* What the task requires *
Once the line containing "IBM 4986B LanProbe" is found in the data below, repeat it and every later line exactly, leaving the pictures out.

* Collected data *
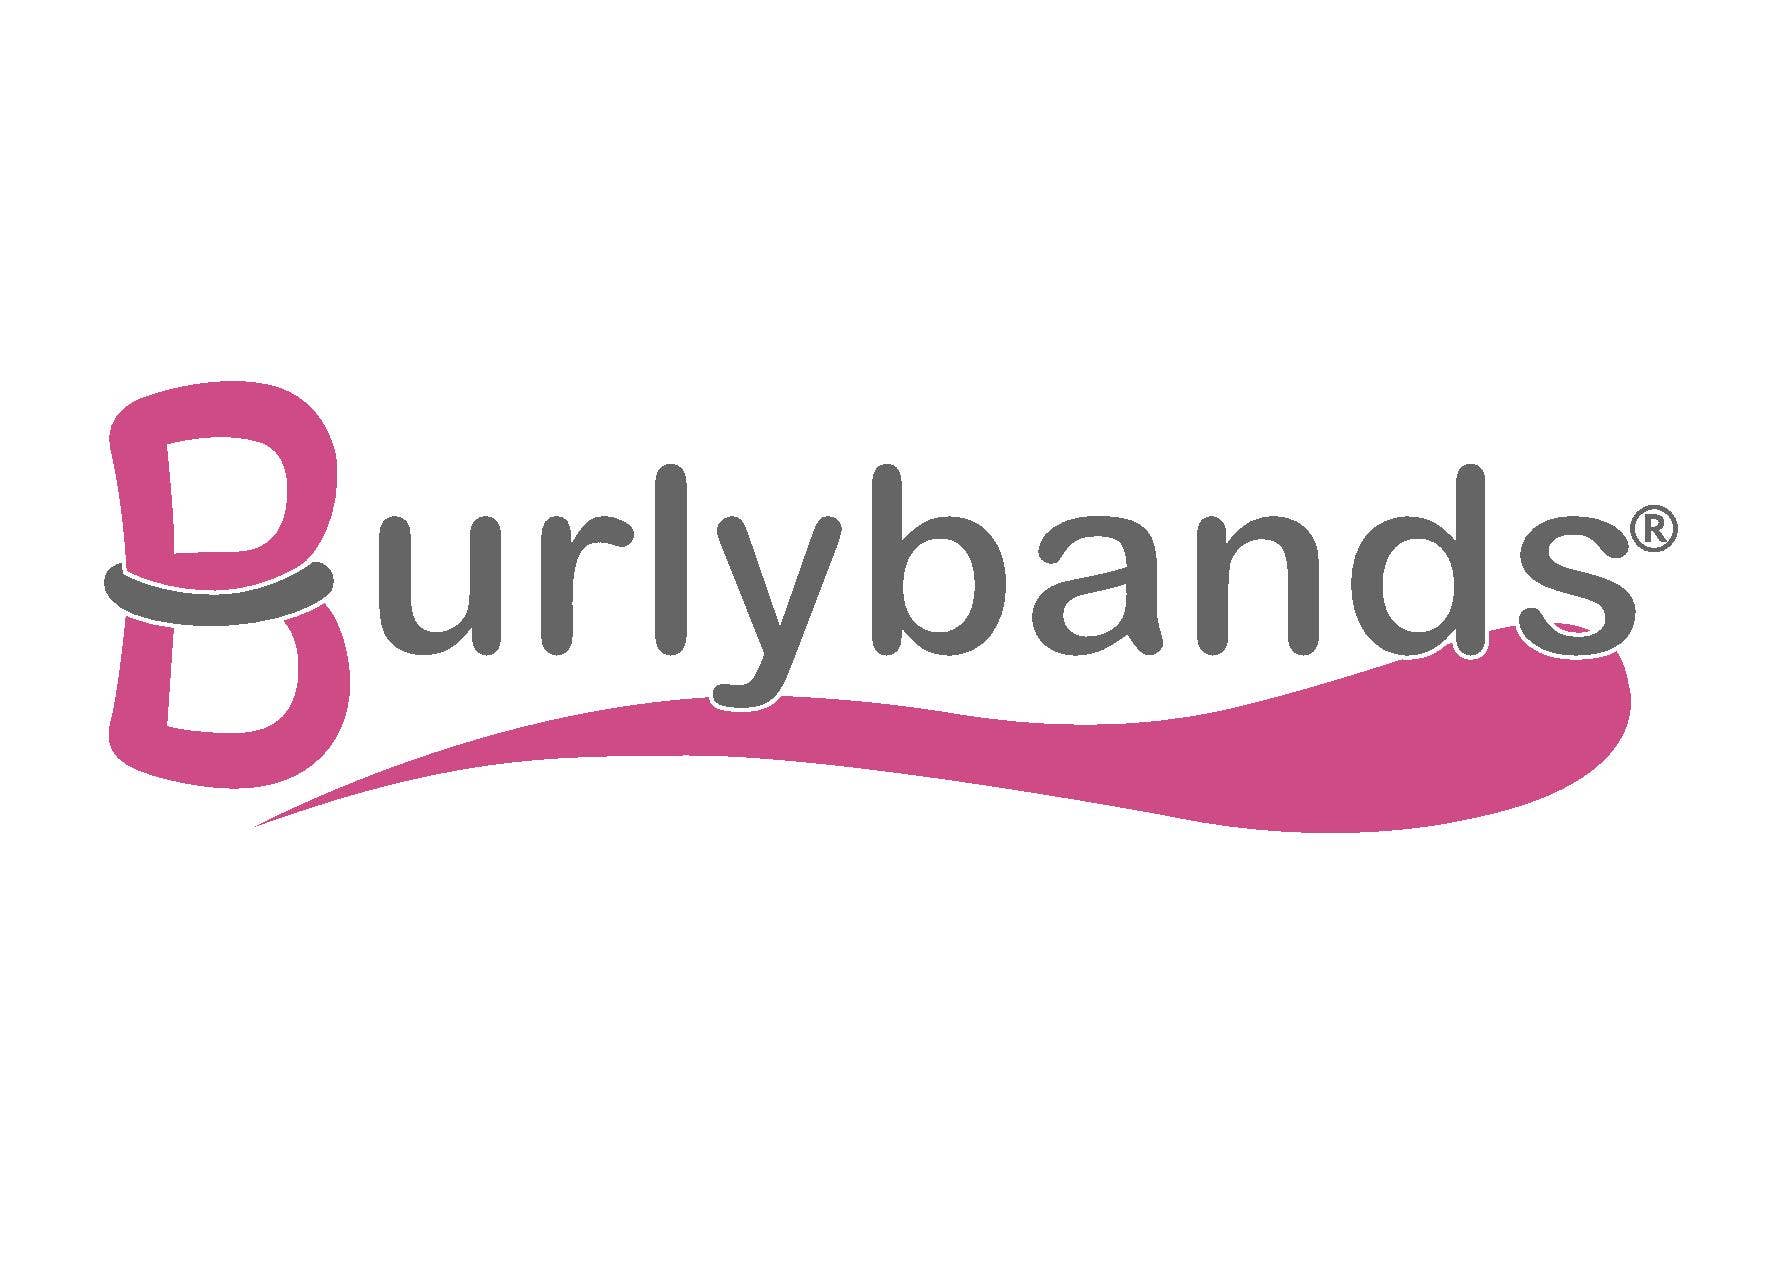 Burlybands - Elastic Non-Slip Athletic Headbands
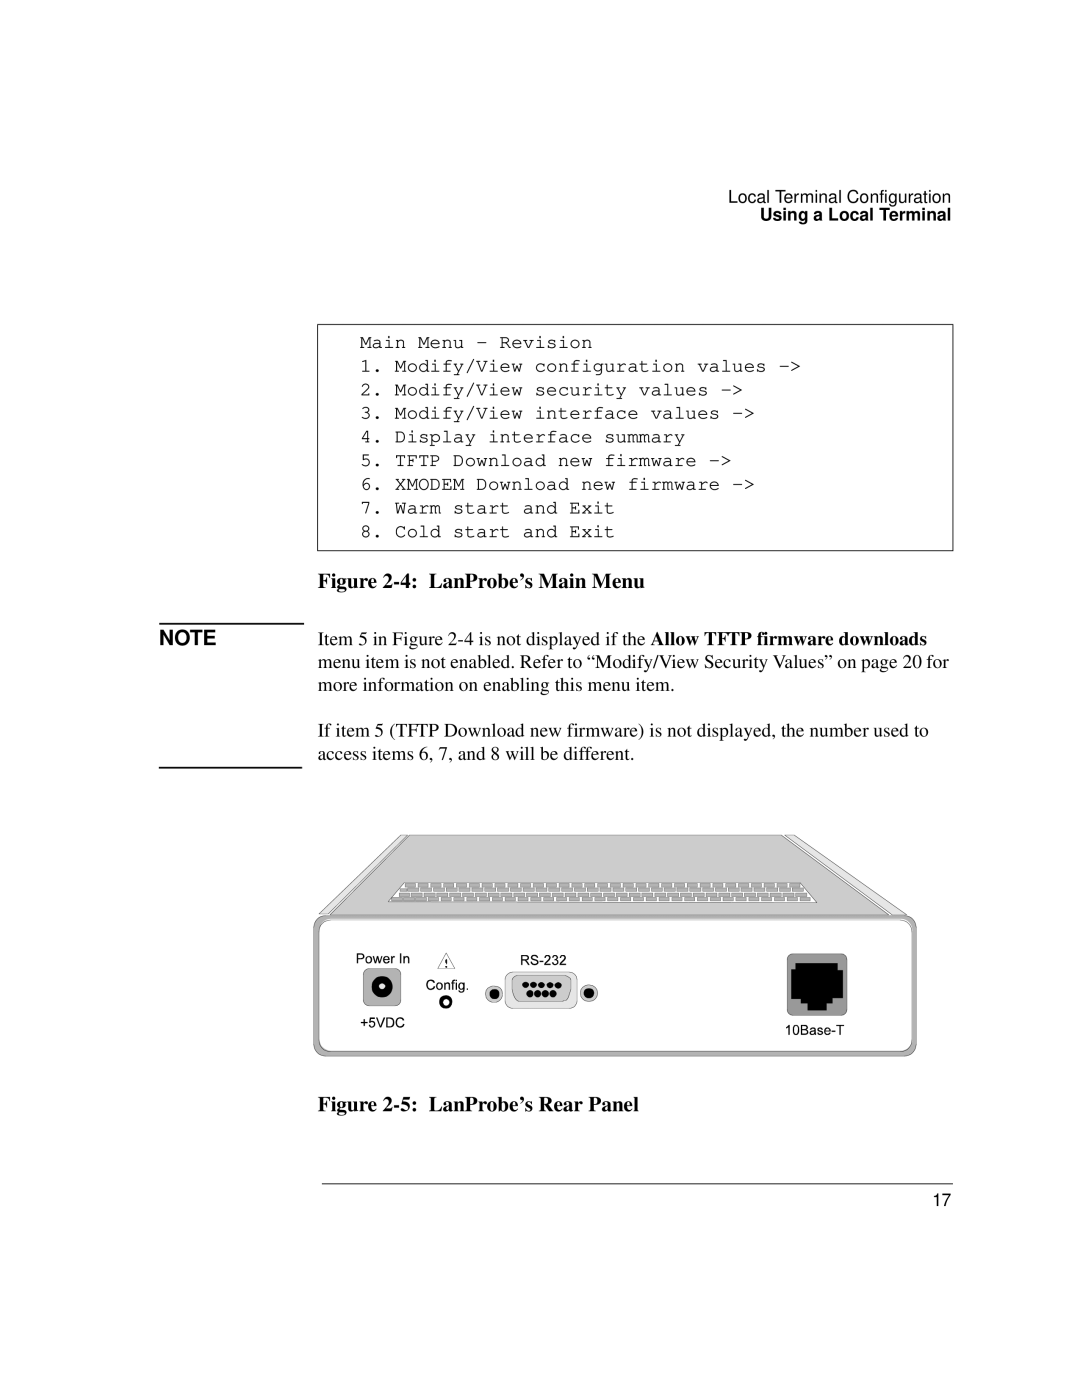 IBM 4986B LanProbe manual 4 LanProbe’s Main Menu, 5 LanProbe’s Rear Panel 
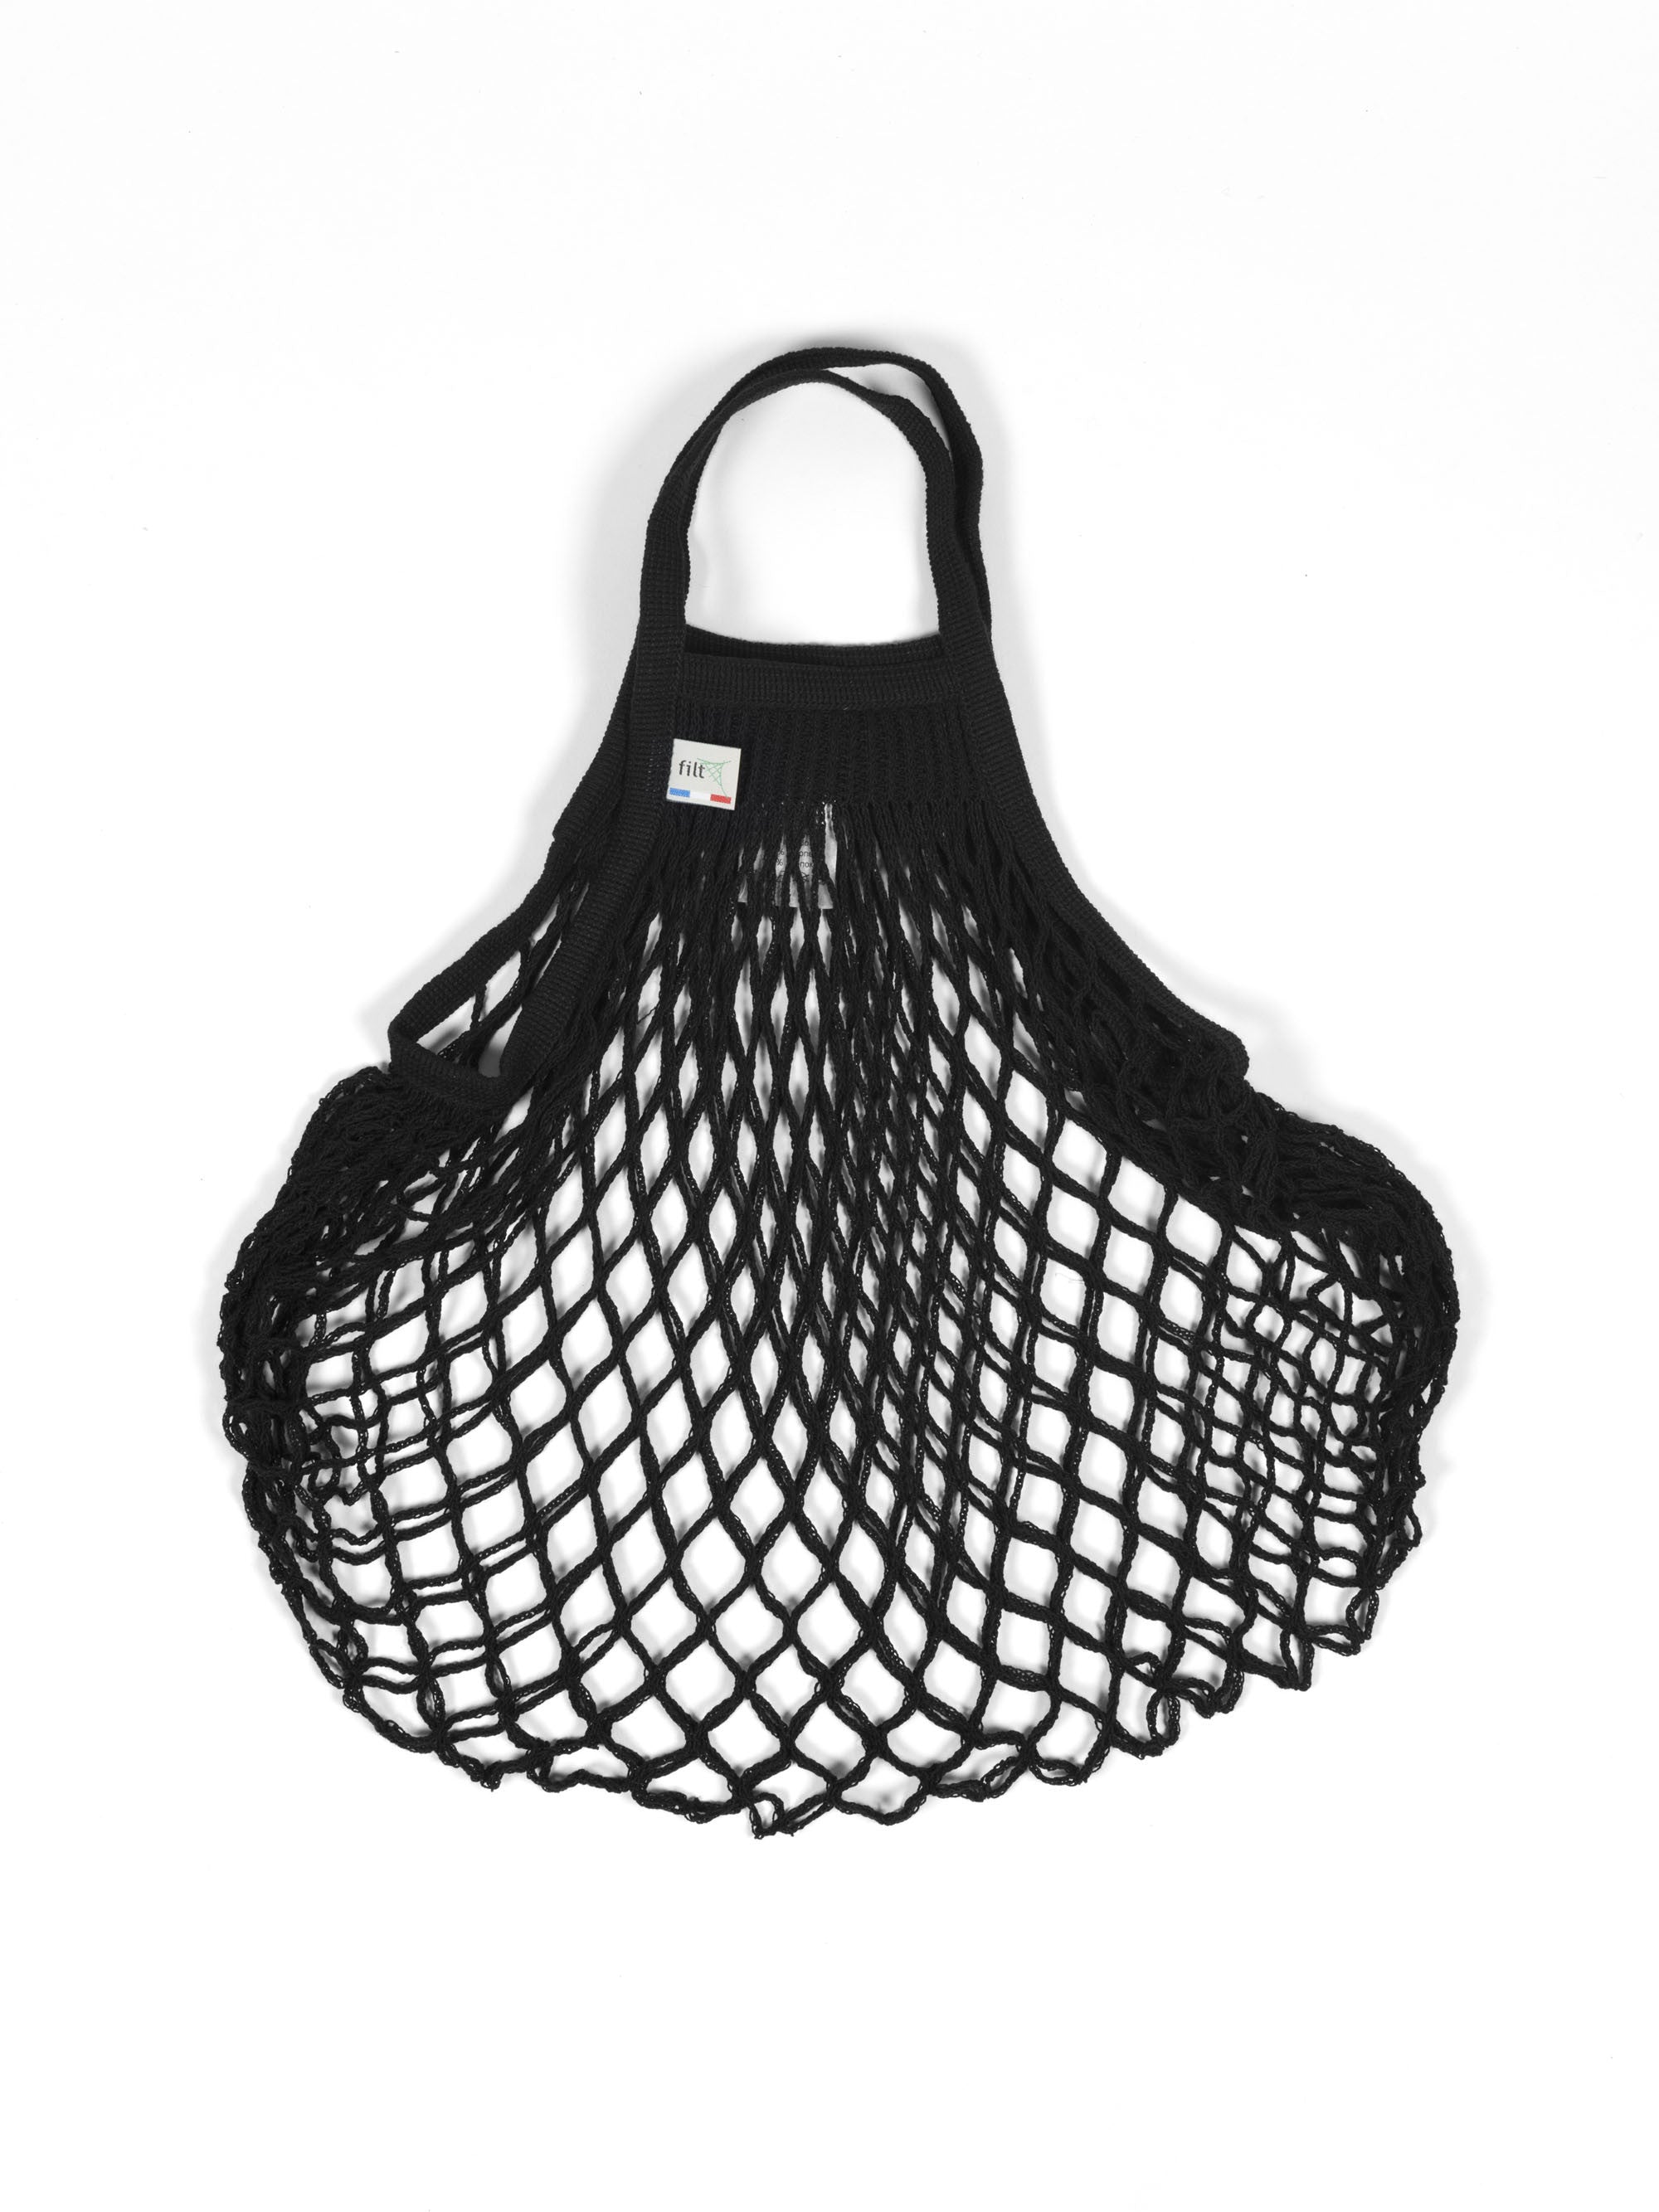 Filt Mini Bag in Black Bag Filt Bags Brand_Filt Shopping Bags Textiles_Shoppers 2220-301BLKSm_Mini_Black_A

* Exercise response *
 IBM 4986B LanProbe manual 4 LanProbe’s Main Menu, 5 LanProbe’s Rear Panel 
 Filt Mini Bag in Black Bag Filt Bags Brand_Filt Shopping Bags Textiles_Shoppers 2220-301BLKSm_Mini_Black_A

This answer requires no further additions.